Chapter 43

Here are some of the minds I have felt, Tryphon interfaced with my skull, strapped to a Pilot’s chair:

In a bunker made of sickness and stone, her name was Jaikyun, had been Jaikyun but now was

Jaikyun Yunnji Therhas Lusina Luchia Markis Hand Kereena Kao Augustin.

All of them, all of them screaming, all of them calling out where are you, where are you, help me, I’m here, I’m here, I’m here where are you?

These were not minds joined in harmony. They did not open themselves up for scrutiny, but rather their darkest secrets were dragged out in shame and horror to be seen by others who were as mad as themselves, glimpses of souls blossoming and burning out in the endless dark like lightning that you turn to see and is already gone

Already gone

Is anyone there can anyone help me help me help me

In time, I learned to ignore the worst of the weeping, the great sloshy drenching of minds being torn apart, and listen for the drone of transmission. It echoed like across the dark, a single voice constantly intoning numbers, numbers, numbers.

87,543,821

61,000

137,839

15

2,187,356

Sometimes the numbers stopped, and actual words were barked.

“571: station 3!”

But usually they just droned on, and on, and on.

11,451

98,762,145

451

9

9

8

It was Rencki who worked out why.

“It’s to keep the connection going,” qe declared. “To keep the link between the transmitter in blackship command and the receivers open. The randomness is deliberate. If you don’t know what is next, you will always be curious.”

For the first time in a long time, I felt hate again.

I tried to touch the mind of the broadcasting mind, chained in a command centre.

Whispered: Where are you? Where are you? Show me where you are…

But they were too far gone.

Sometimes, a Pilot died.

I felt it, and it was not sad.

Their deaths were a sigh, a breathing-out, a letting-go.

The Shine noticed me after a while.

Perhaps some of the Pilots on the blackships, those who were meant to receive the numbers and relay them, chanting eternally whatever the command centre transmitted, began to blurt some of my words.

Perhaps they punctuated their endless babble with a whisper of Let go, let go, do not be afraid or a muttered Show me where you are!

and their operators began to notice, and someone put two and two together.

Perhaps it was Valans who realised what was happening.

Perhaps Riv.

Either way, they couldn’t do much about it.

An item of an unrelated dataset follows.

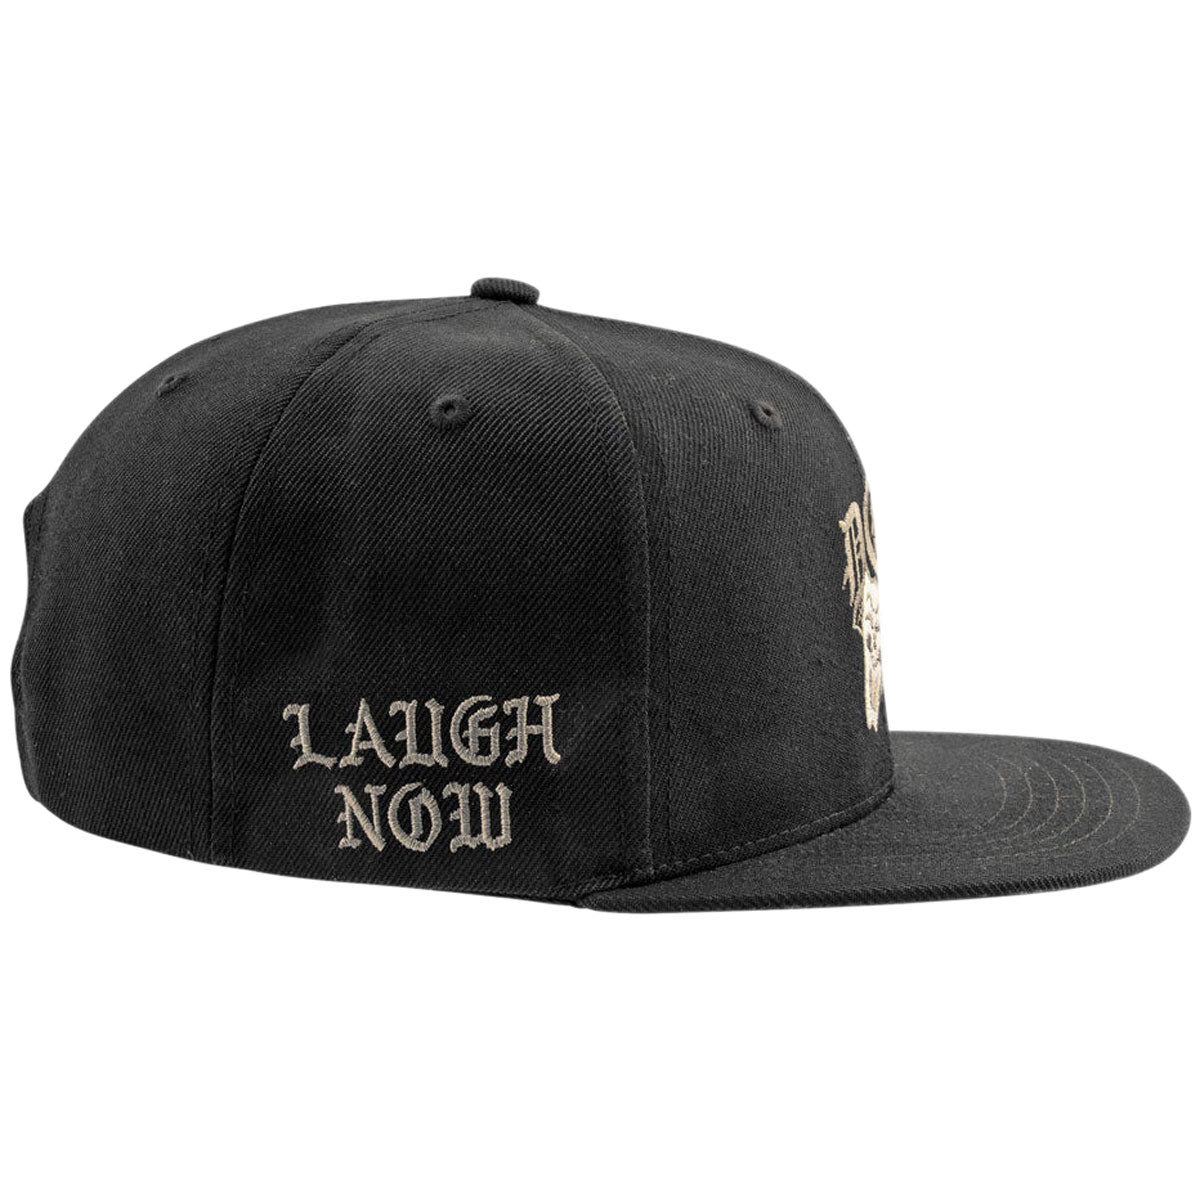 DGK Laugh Now Snapback Hat - Black image 2

They didn’t understand enough about the dark, about the place where time runs out, to dislodge me from it. I was the worm in the machine, the ever-watching eye, an invader come from the dark.

Despite this, I was not making progress.

The minds I reached for were too broken, to hollowed out to tell me anything particular, and over time the Shine grew better at keeping their Pilots numb and dumb, so even when I did manage to establish meaningful connection, slip for the briefest of moments into their eyes, there was nothing to see.

Just a different kind of dark. A dark that scared me far more than the void.

Occasionally, of course, another presence.

Not a mind.

Not a soul.

Not a thing nameable with words.

It lay across the blanket of the dark, watching.

Sometimes a coil of it slithered into my soul, through my soul to the places beyond, and the Pilots of the blackships screamed, how they screamed, how they screamed and howled and wailed at a thing they could not name. I did not. I watched it as it watched me, and it felt…

Curious.

So very, very curious.

And I knew that it, the thing that slunk through the dark, that was the dark, found me really rather boring next to these screaming, broken minds.

Or no, not boring.

Familiar.

And thus not worth any more of its attention.

Then, nine years after I first wired my mind into the blackship interface, first connected with the Pilots in the black, the signal stopped. I sat in the Pilot’s chair, and reached out, and there was nothing there.